** Task brief **
Repeat the data in full and exactly. Leave the pictures out.

** The data **

+++++

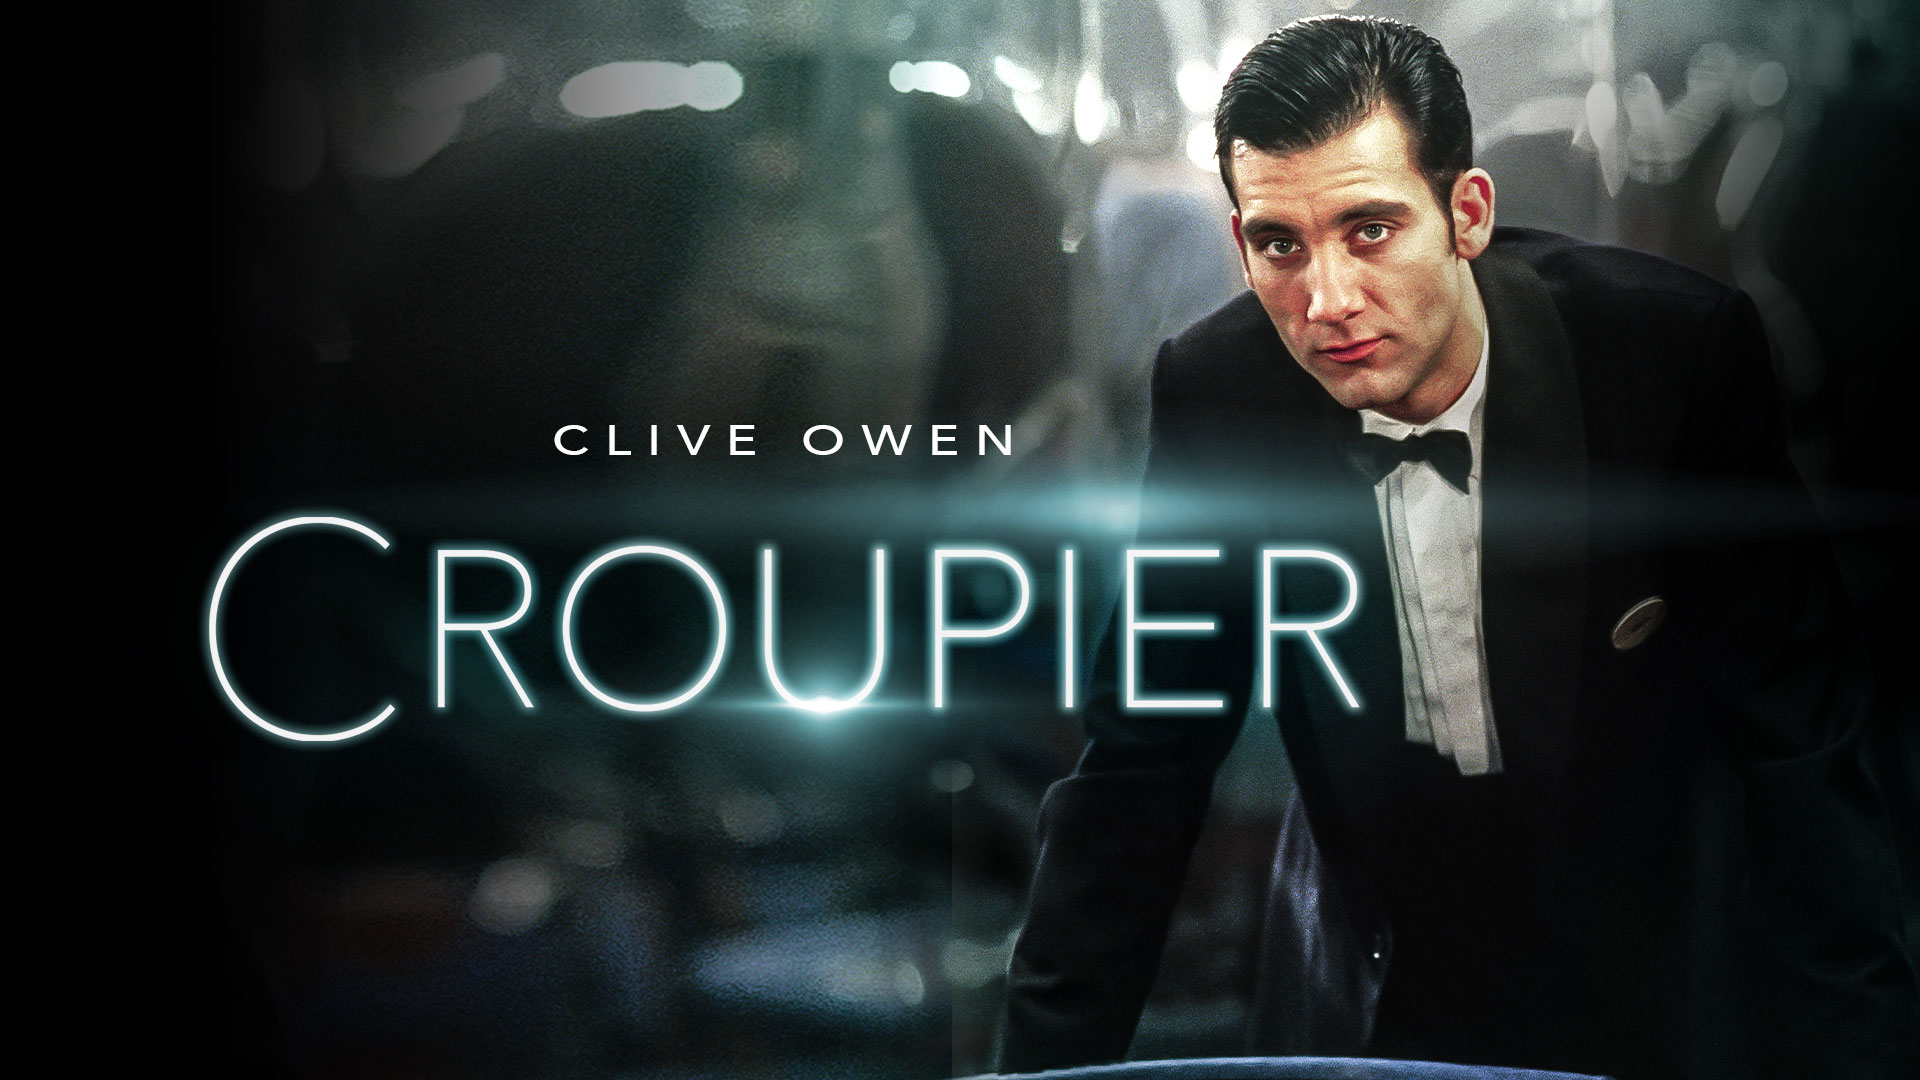 38-facts-about-the-movie-croupier
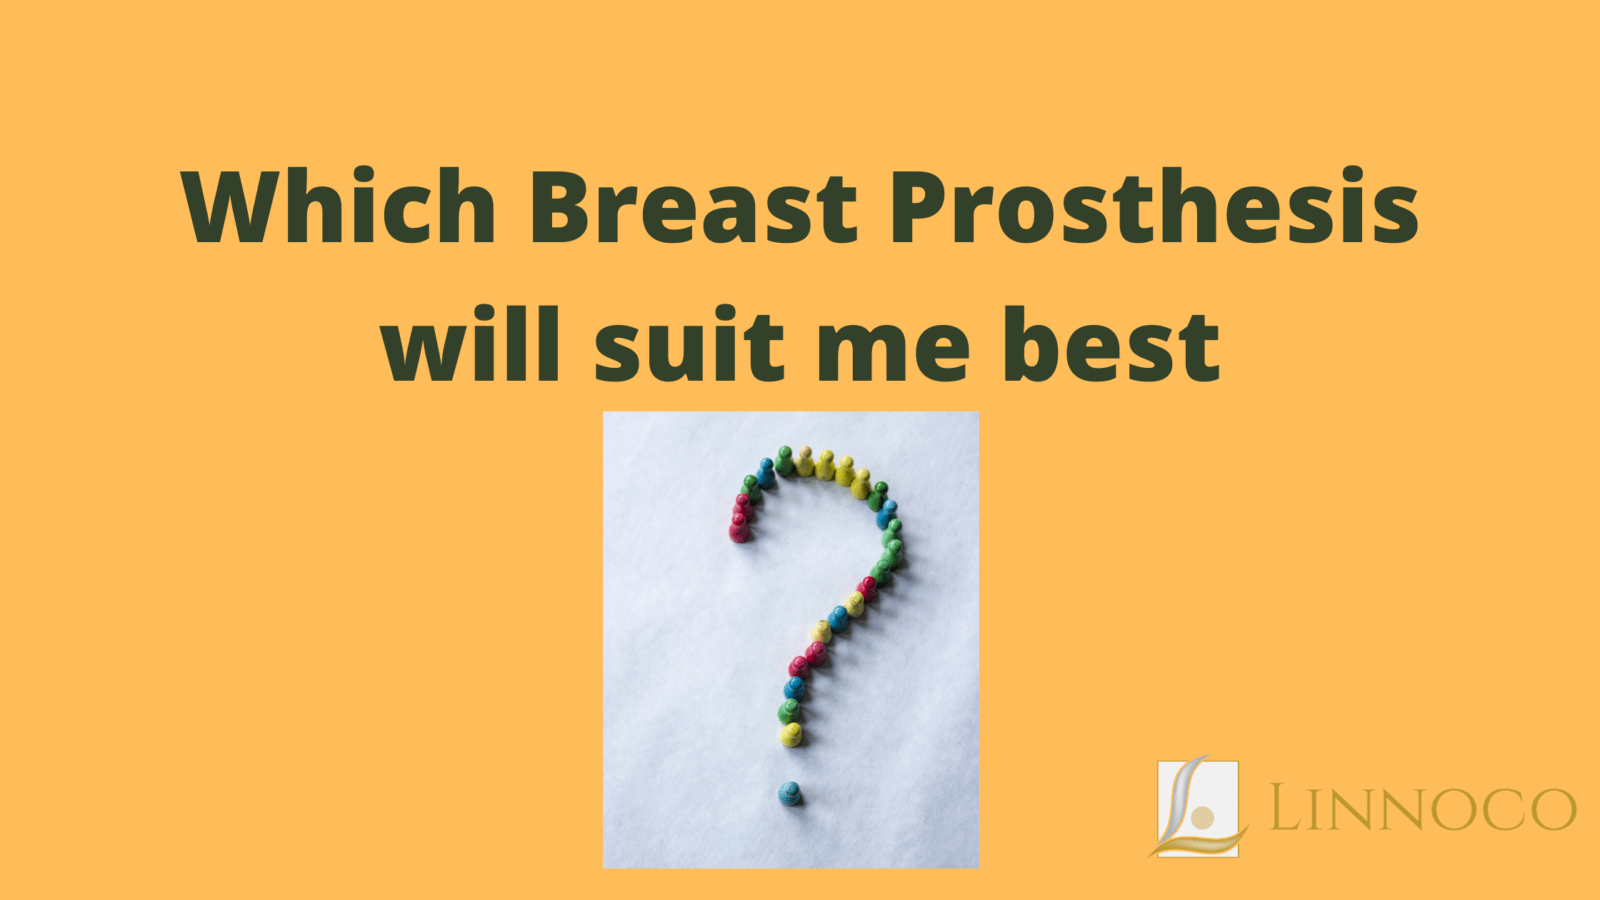 Which breast prosthesis will suit me best
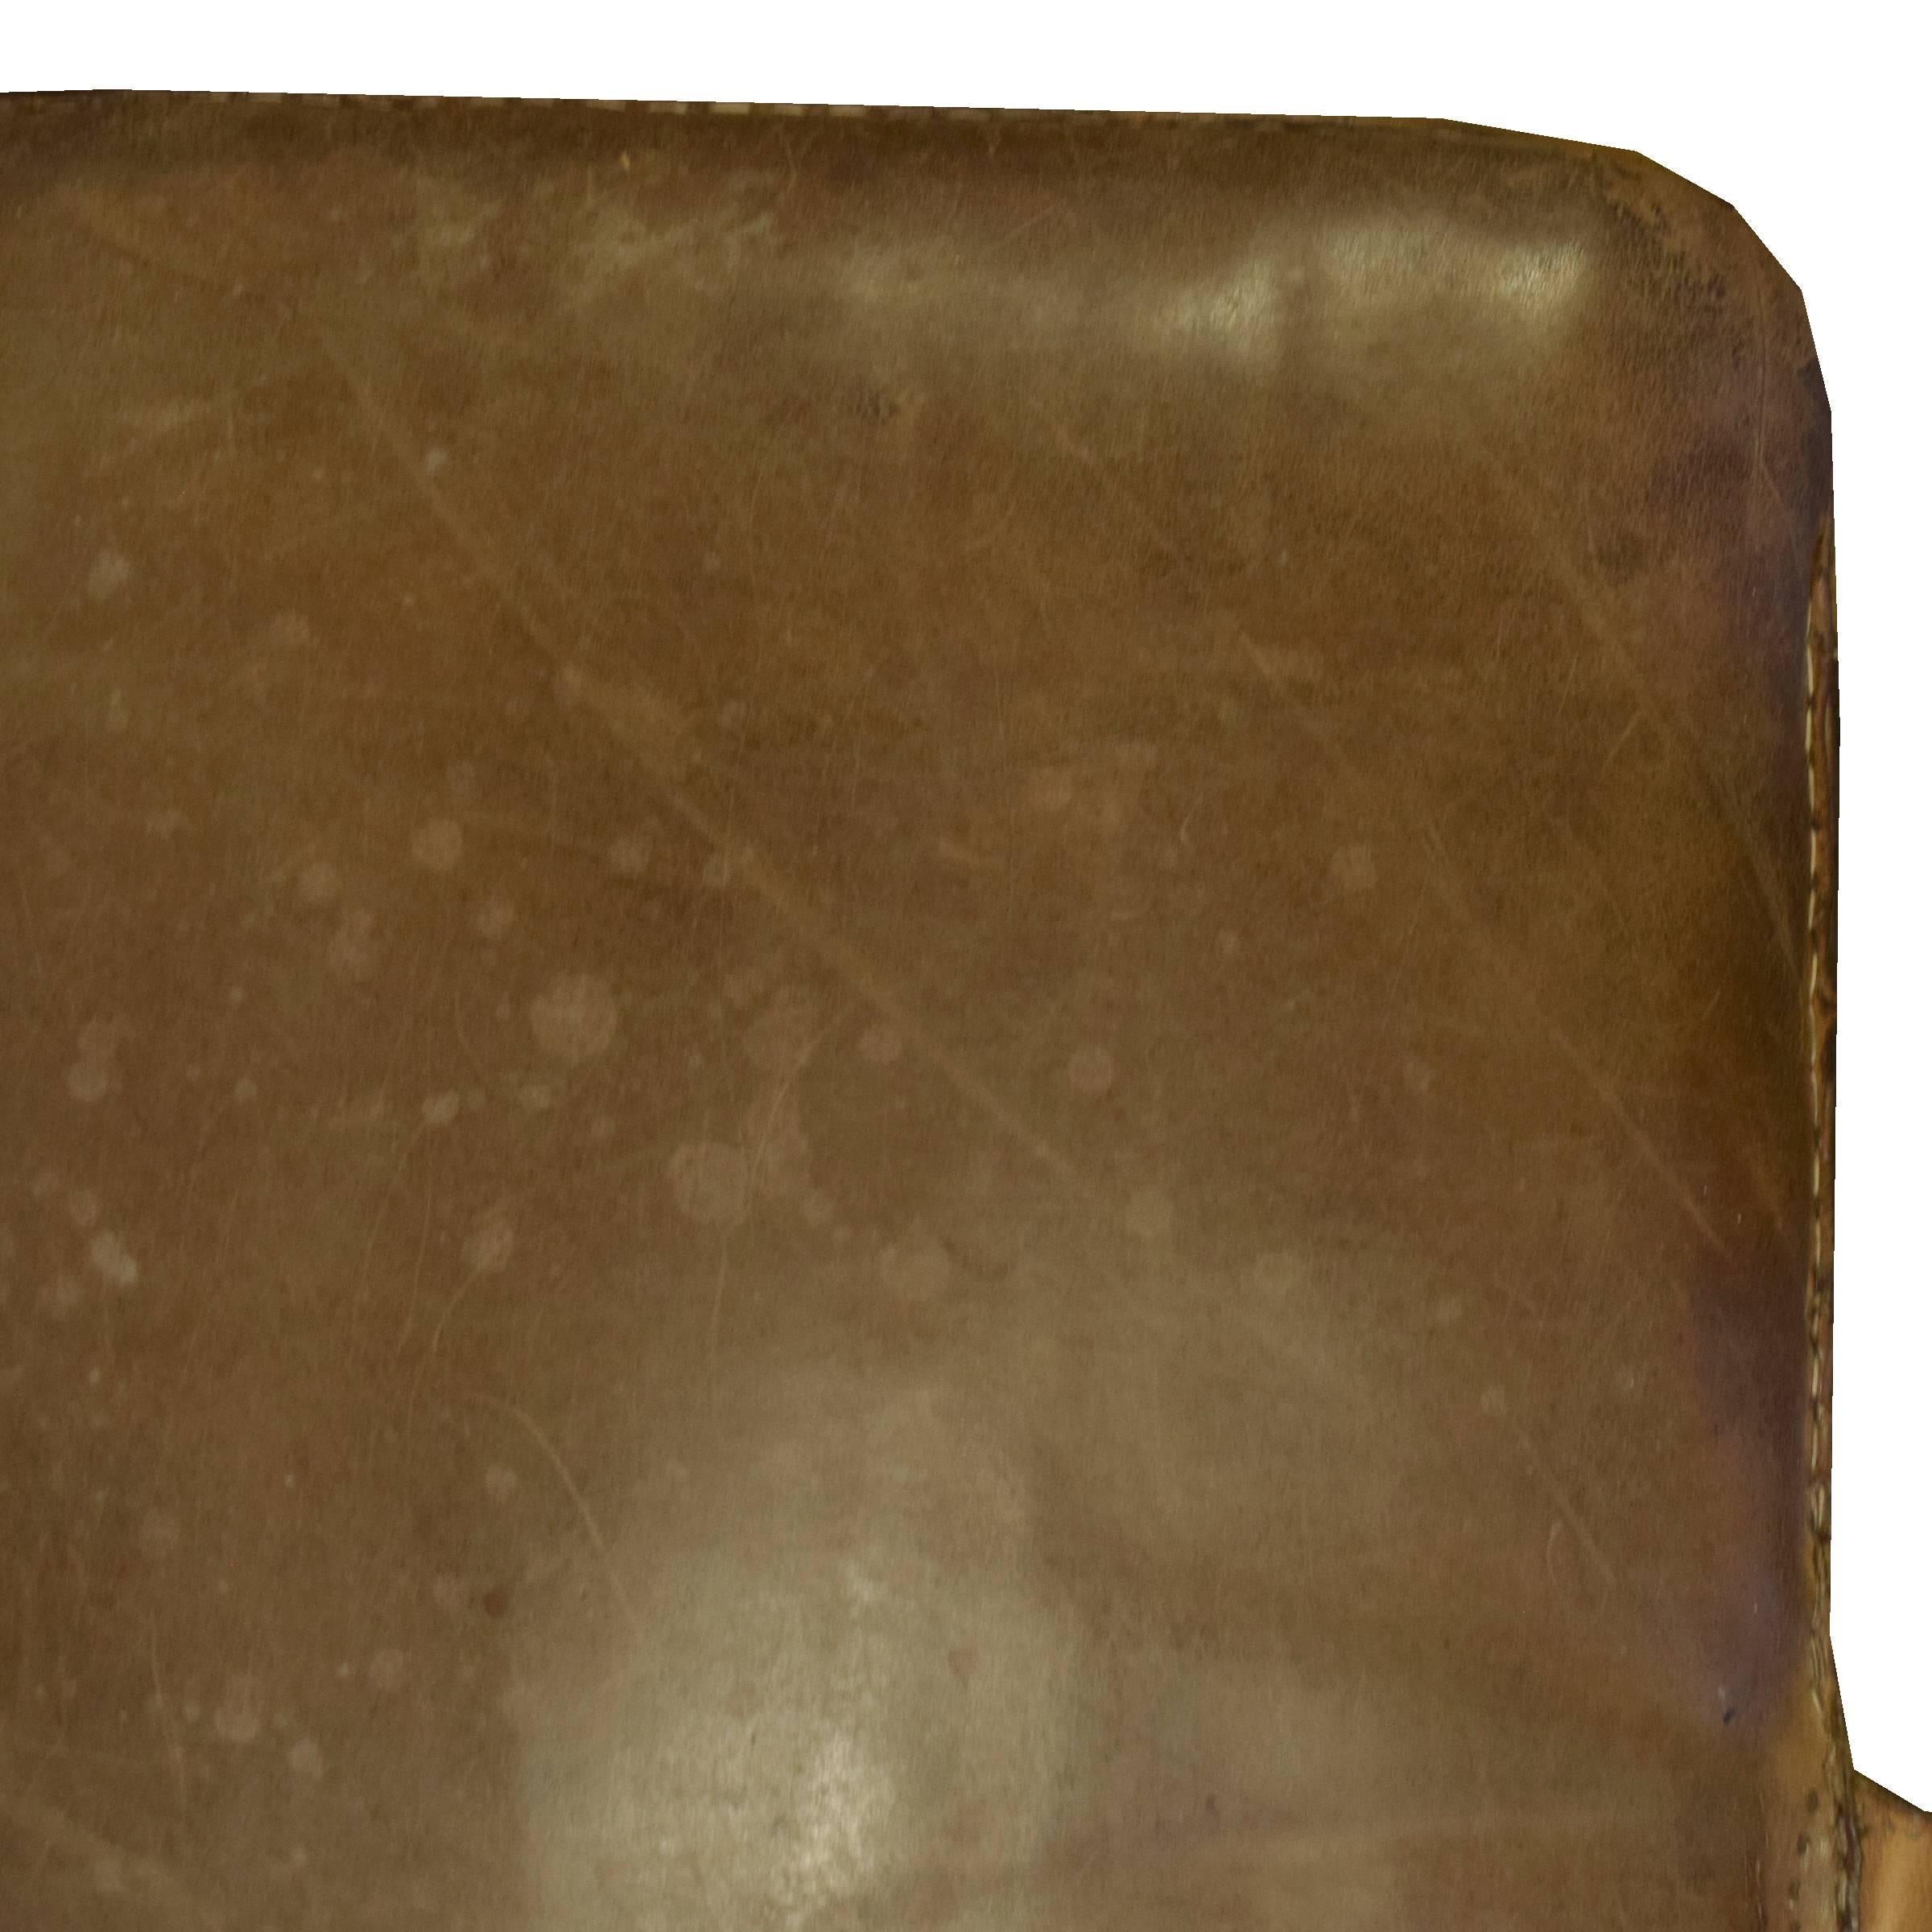 Leather mat from a Czech Republic gymnasium with a gorgeous patina, circa 1930.

+++++

** Written solution **
 38-facts-about-the-movie-croupier
 Which breast prosthesis will suit me best
 Leather mat from a Czech Republic gymnasium with a gorgeous patina, circa 1930.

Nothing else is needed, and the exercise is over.